• _GOAL OF THE EXERCISE_
The copy must match the data below line for line and contain no images.

• _MATERIAL PROVIDED_
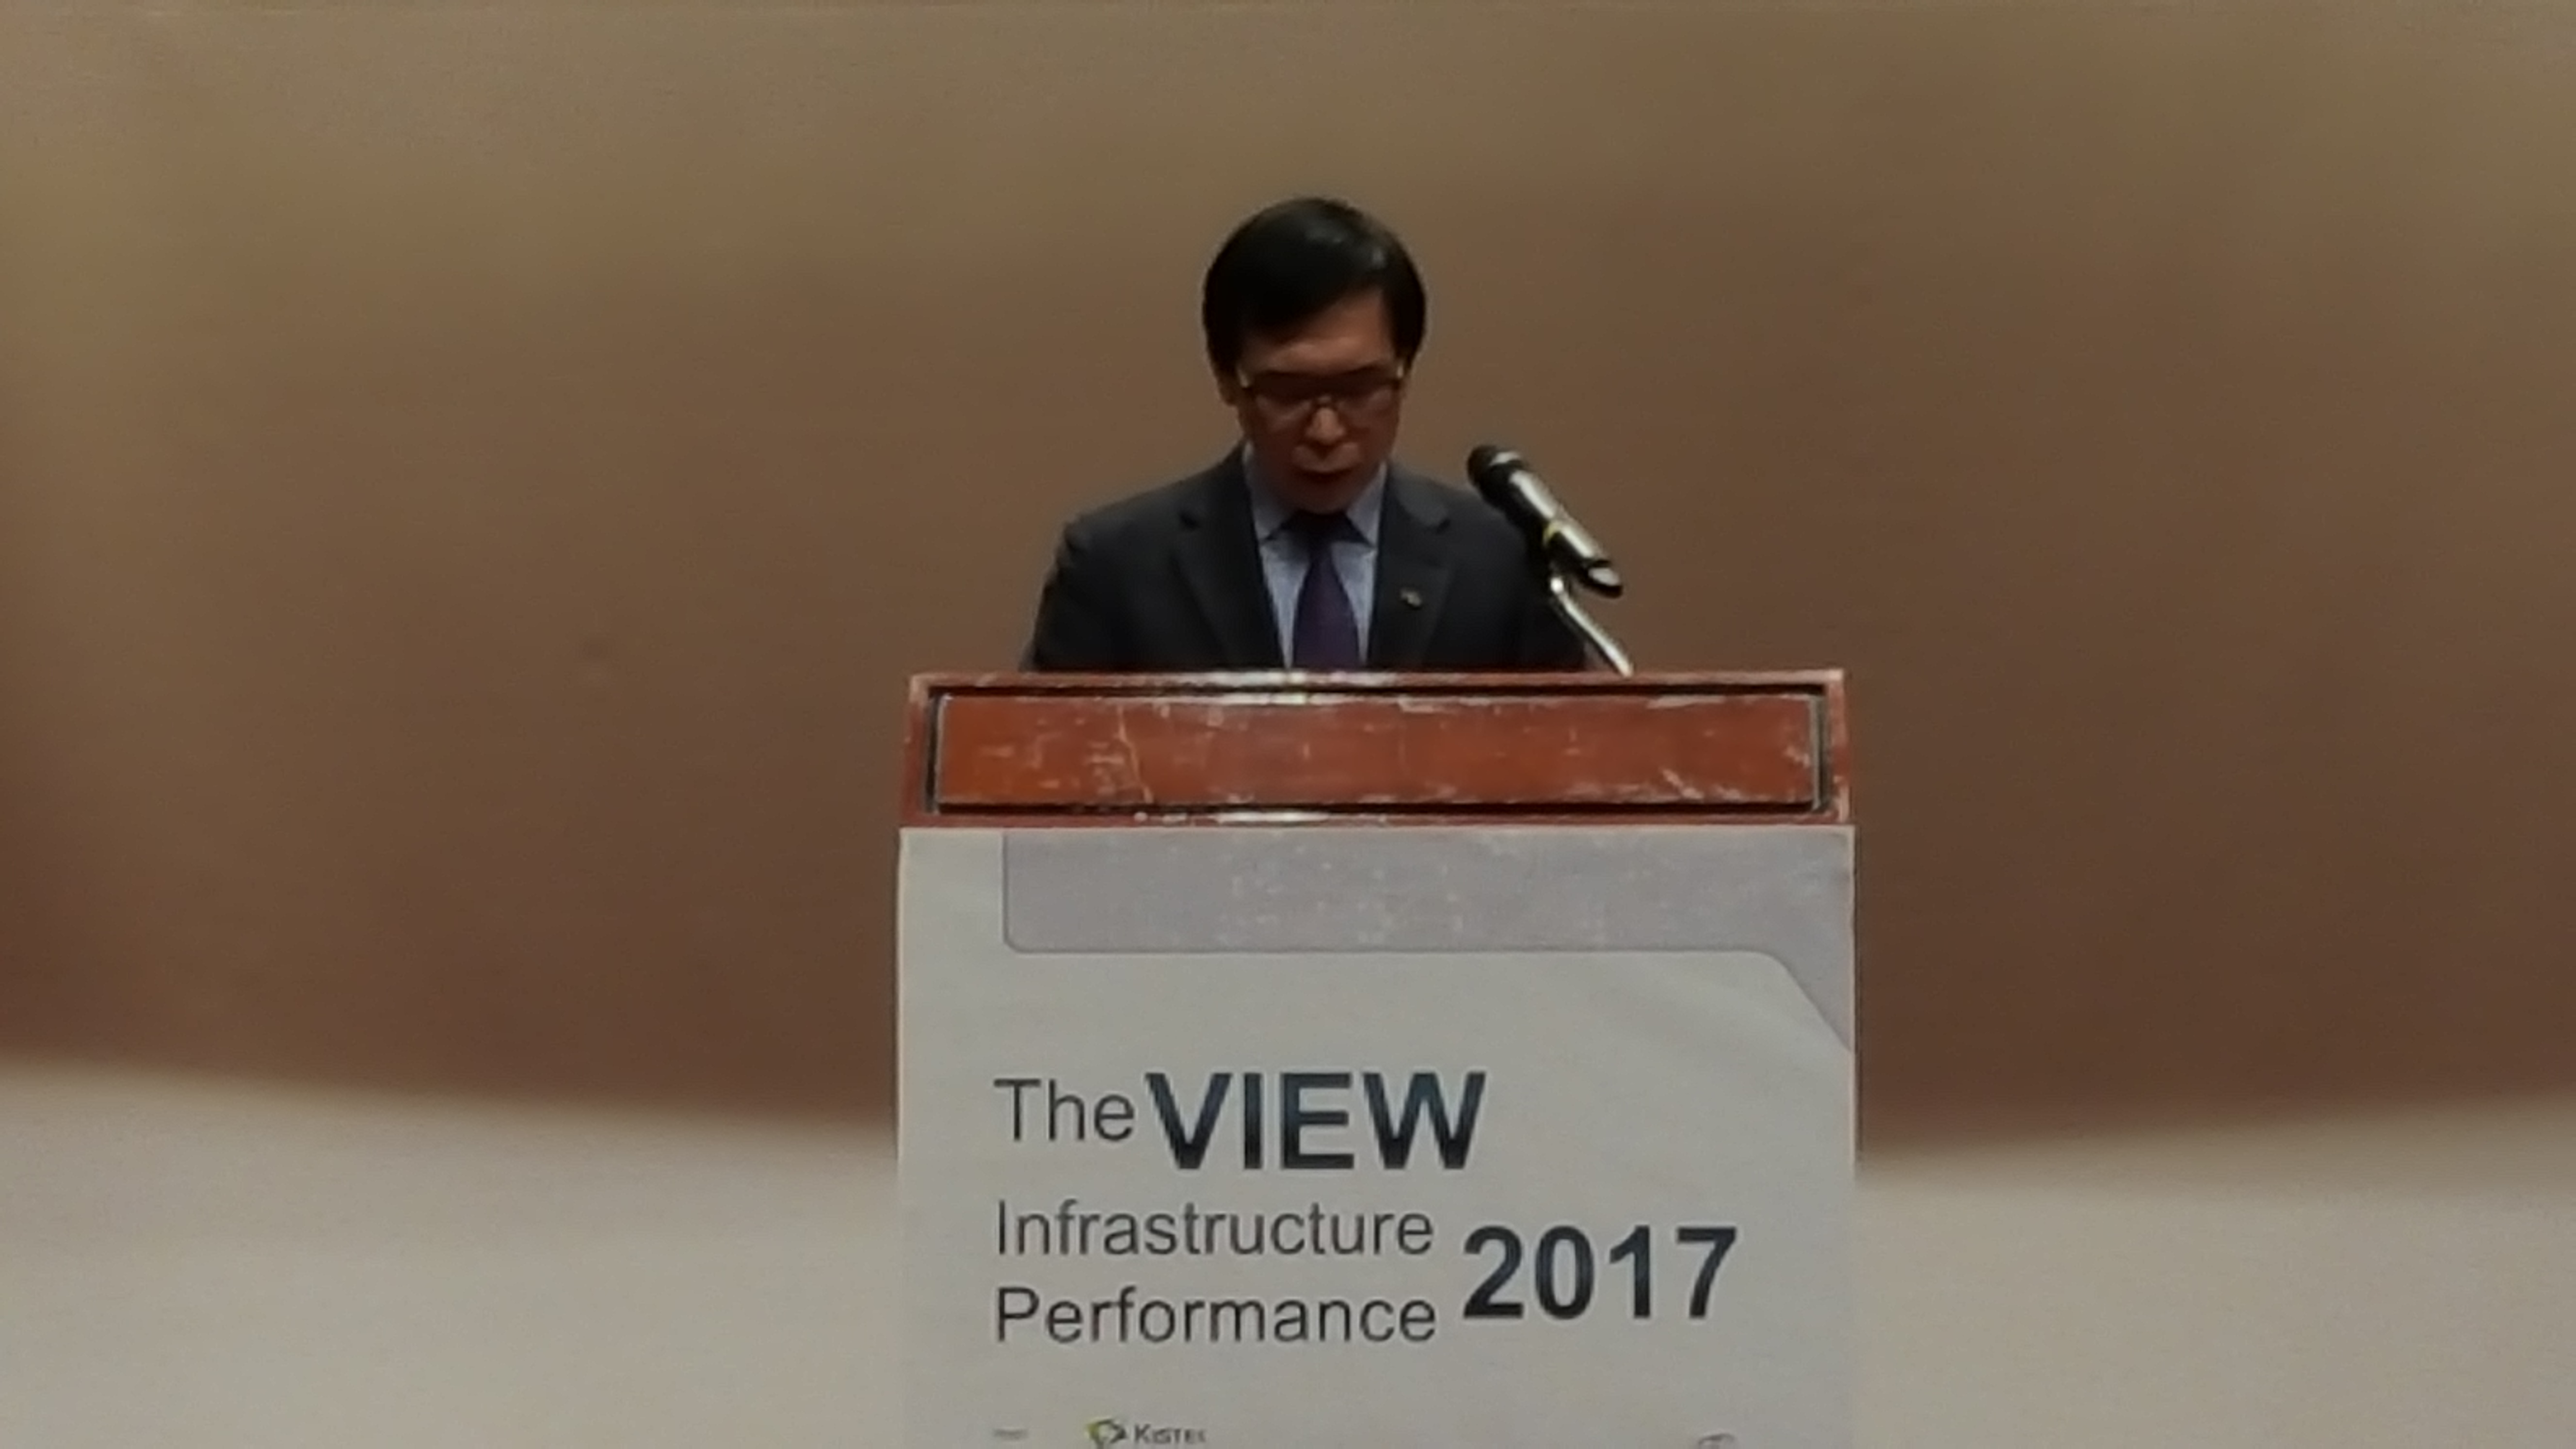 &#39;The VIEW-infrastructure Performance 2017&#39; 참석 및 축사
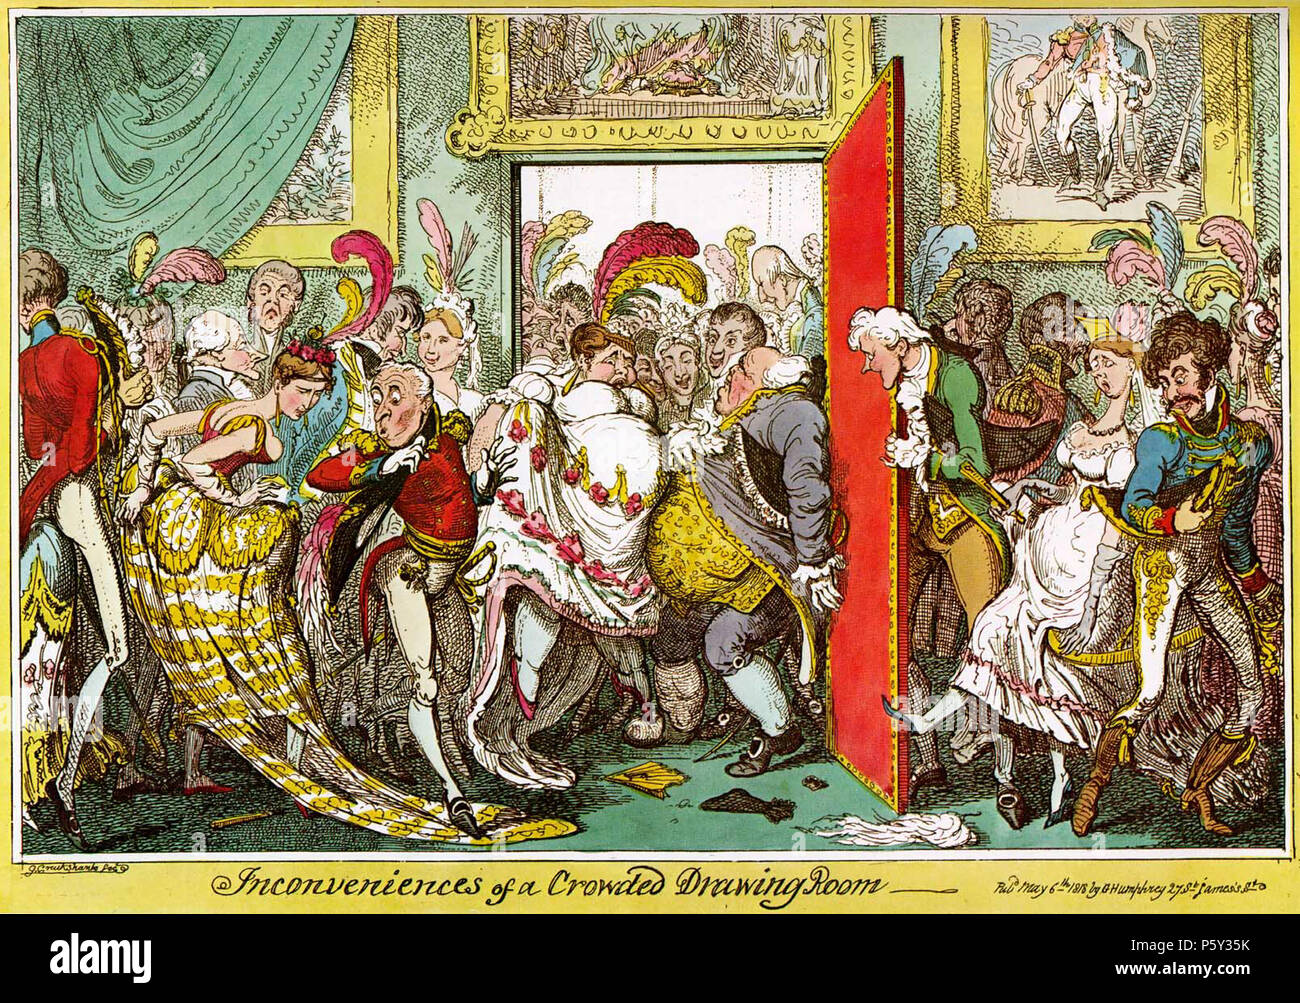 N/A. 'The inconveniences of a crowded drawing room', a famous May 6th 1818 caricature by George Cruikshank. Shows a crowded royal 'drawing room' reception (in a London palace). The woman at the left (whose train is being stepped on) is wearing the old-fashioned hooped 'court dress' (abolished 1820), while the man in the door is wearing formal breeches (many of the other men are wearing military uniforms). The moustache of the man on the right had connotations of foreign (Continental) and/or military dandyism at the time. 6 May 1818.   George Cruikshank  (1792–1878)      Alternative names Georg Stock Photo
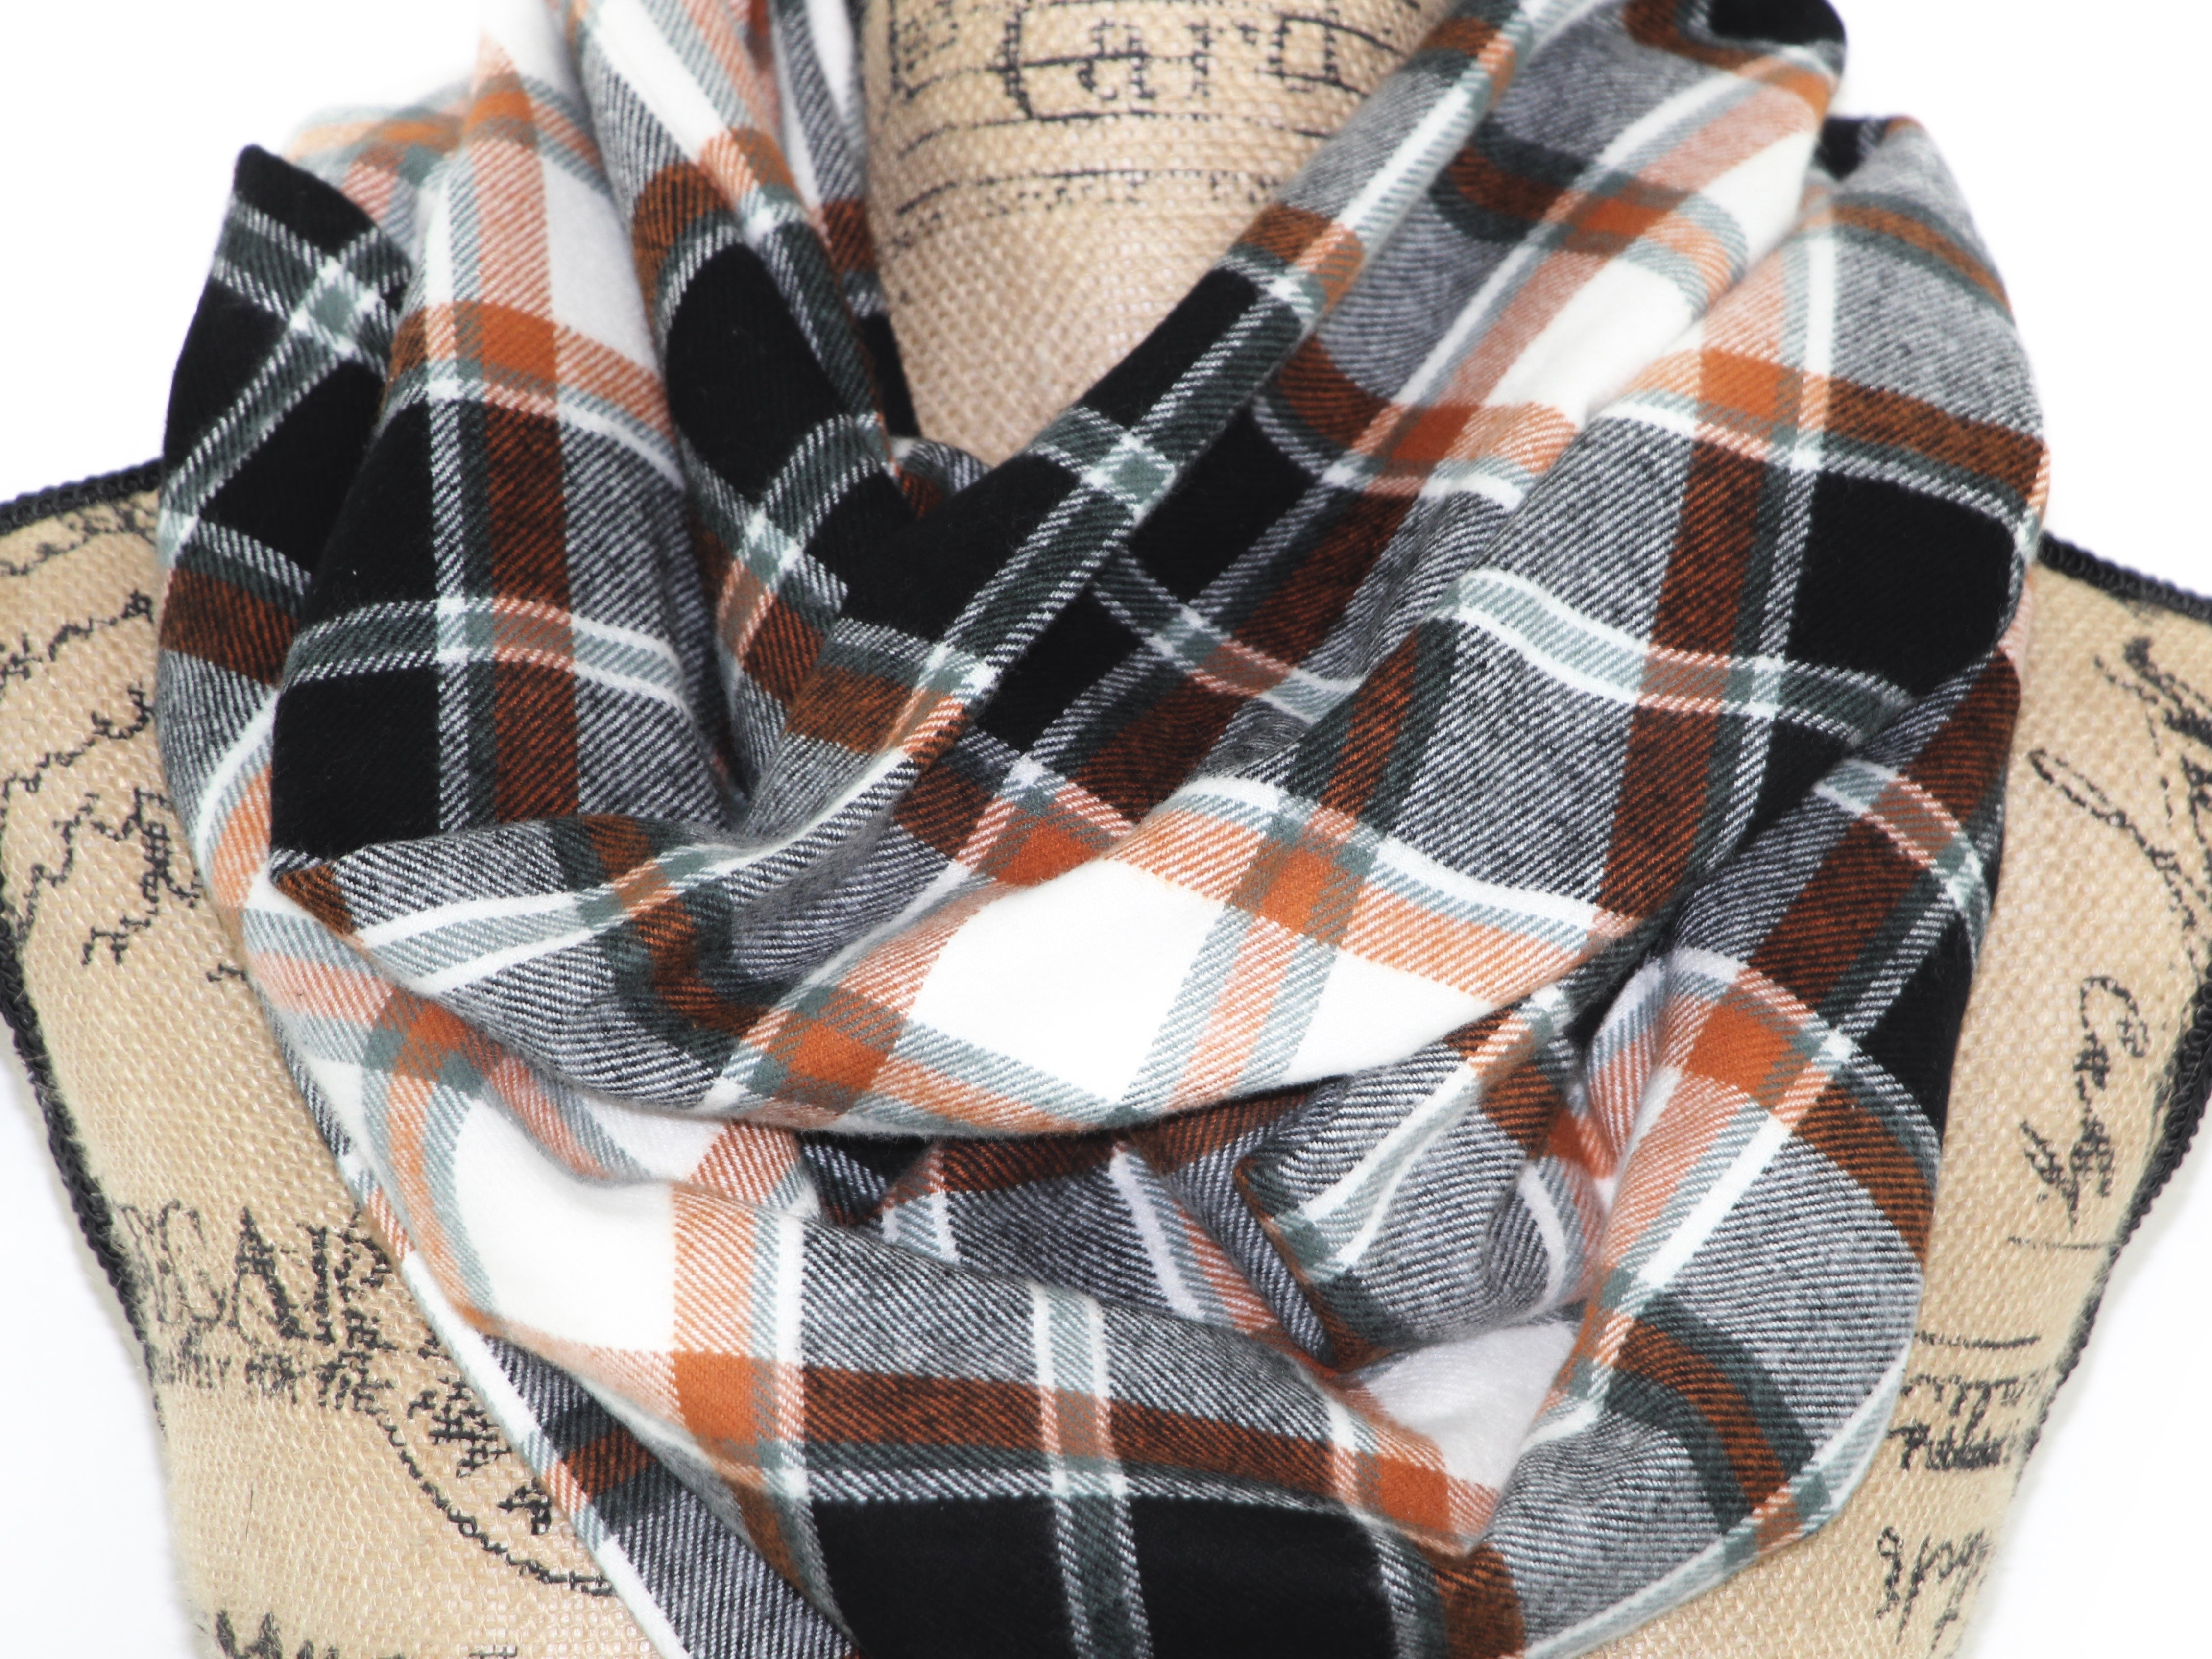 Black, White, Teal-Gray, and Orange Medium Weight Flannel Plaid Infinity or Blanket Scarf

• _RESPONSE TO THE TASK_
 &#39;The VIEW-infrastructure Performance 2017&#39; 참석 및 축사
 N/A. 'The inconveniences of a crowded drawing room', a famous May 6th 1818 caricature by George Cruikshank. Shows a crowded royal 'drawing room' reception (in a London palace). The woman at the left (whose train is being stepped on) is wearing the old-fashioned hooped 'court dress' (abolished 1820), while the man in the door is wearing formal breeches (many of the other men are wearing military uniforms). The moustache of the man on the right had connotations of foreign (Continental) and/or military dandyism at the time. 6 May 1818.   George Cruikshank  (1792–1878)      Alternative names Georg Stock Photo
 Black, White, Teal-Gray, and Orange Medium Weight Flannel Plaid Infinity or Blanket Scarf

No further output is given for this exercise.